Yemeğe besmele ile başlanır, sofradaki büyük başlamadan küçükler yemeğe başlamazdı. Günümüzde, yer sofraları kırsal kesimde halen kullanılmaktadır.
Anadolu yemek kültüründe ekmek kutsal kabul edilirdi. Yere düşmüş ekmek parçası öpülüp başa konarak hayvanlara verilmek üzere kaldırılırdı.
Günümüzde bile ekmeği çöpe atma yerine, hayvan besleyenlerin alması için ayrı torbalarda bırakmakta bu inancın rolü olsa gerek. Sofrada artık bırakmak uygun görülmezdi. Tabakta yemek bırakıldığında “arkadan ağlar” denmesi, Anadolu toplum geleneğindeki yemek israfının ne denli olumsuz görüldüğünü açıklayan başka bir örnektir.
Anadolu Mutfağı, Türkiye’de yaşamış olan değişik etnik toplulukların etkisiyle zamanla gelişmiş ve zenginleşmiştir.
Günümüzde belirli yöreye ait olan bir yemek, aynı adla veya değişik adlarla başka yörelerde de yapılmaktadır.
Belirli bir yemeği belirli bir etnik topluluğa mal etmemek gerekir diye düşünüyorum.
Sebzelerin bazıları Anadolu mutfağımıza sonradan girmiş olmalarına karşın, günümüzde yemeklerin bileşiminde geniş şekilde yer almaktadırlar. Sebzeler genelde küçük parça et ve kıyma ile birlikte yemeklerin bileşiminde yer alır. Kıyma ve pirinç (veya bulgur) ile yapılan sebze dolmaları, sarmaları, karnıyarık, musakka ve oturtmalar günümüzde sıklıkla hazırlanan  yemeklerdir.
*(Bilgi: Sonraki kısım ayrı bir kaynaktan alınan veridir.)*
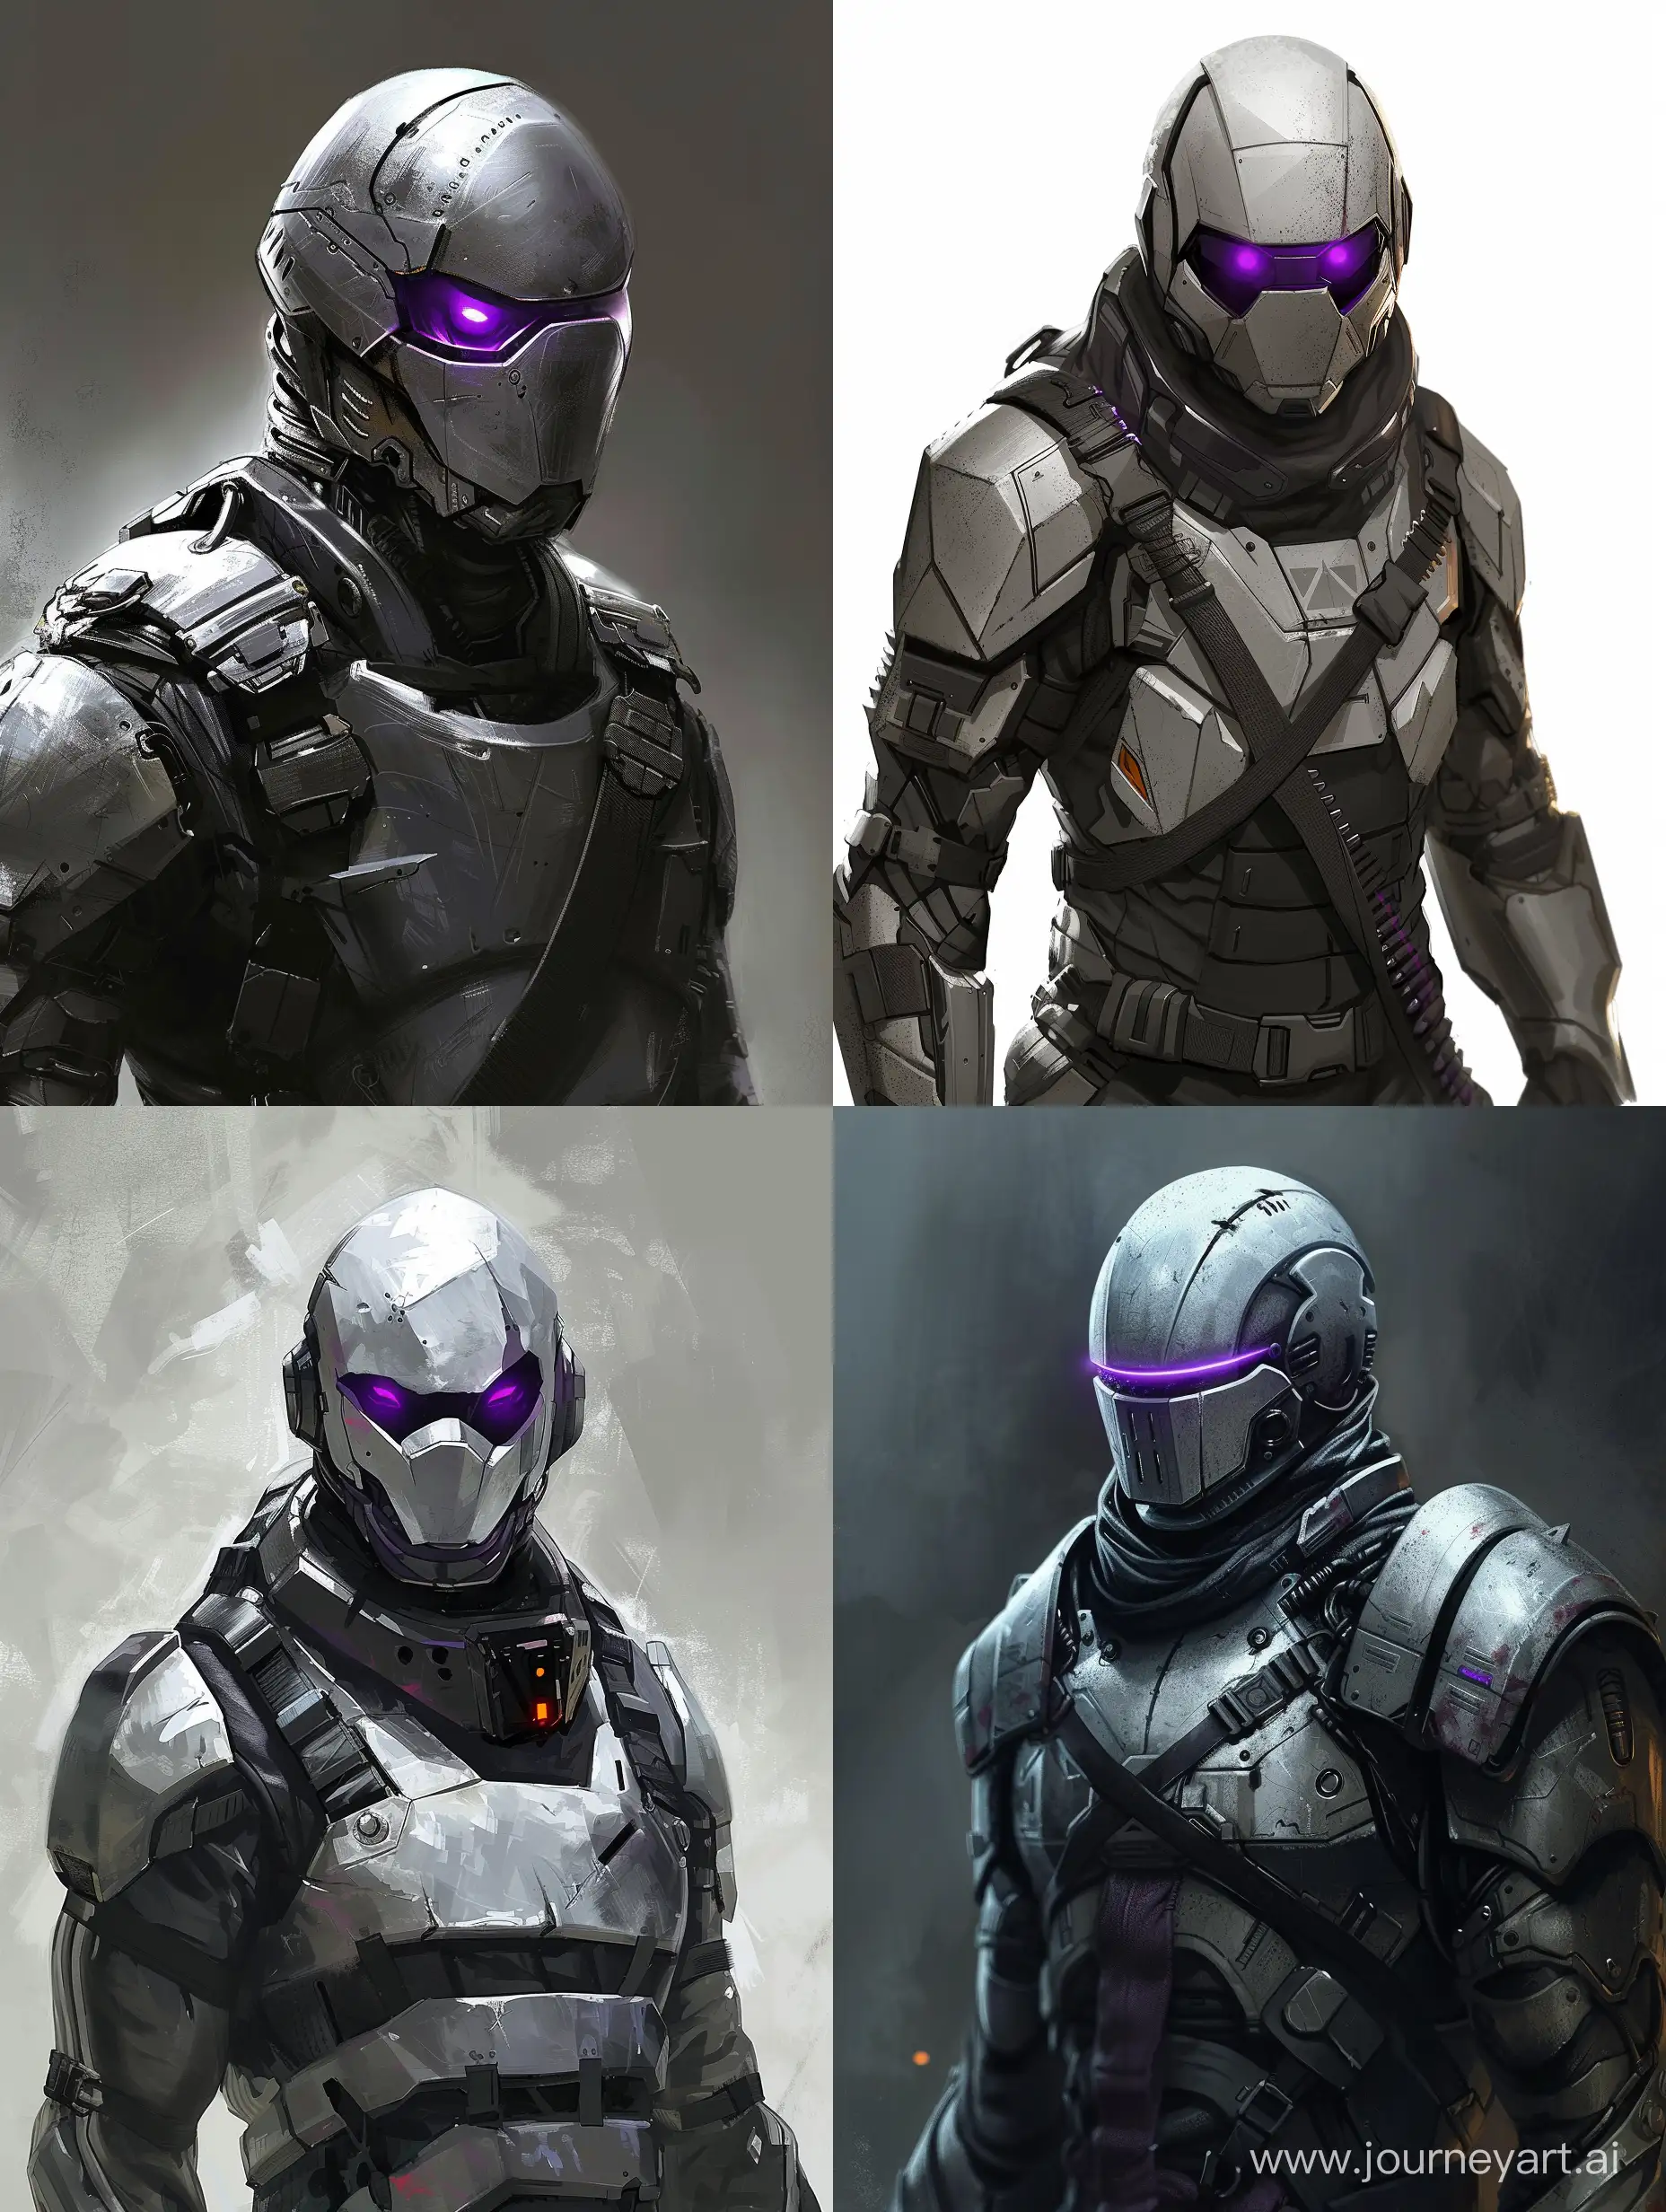 fantasy art, comics manga style, Character concept art, shradder armor, purple eyes silver tactical suit, dark sci fi mask

Küçük parça et ve sebze karışımı yemekler, “kebap” (patlıcan kebabı, orman kebabı vs)ya da sadece “etli sebze yemeği” (etli taze yada kurufasulye, etli patates, etli nohut gibi) adını taşıyan bu yemekler; Anadolu yemek kültürü sofralarında  en  fazla  yer alanların arasındadır.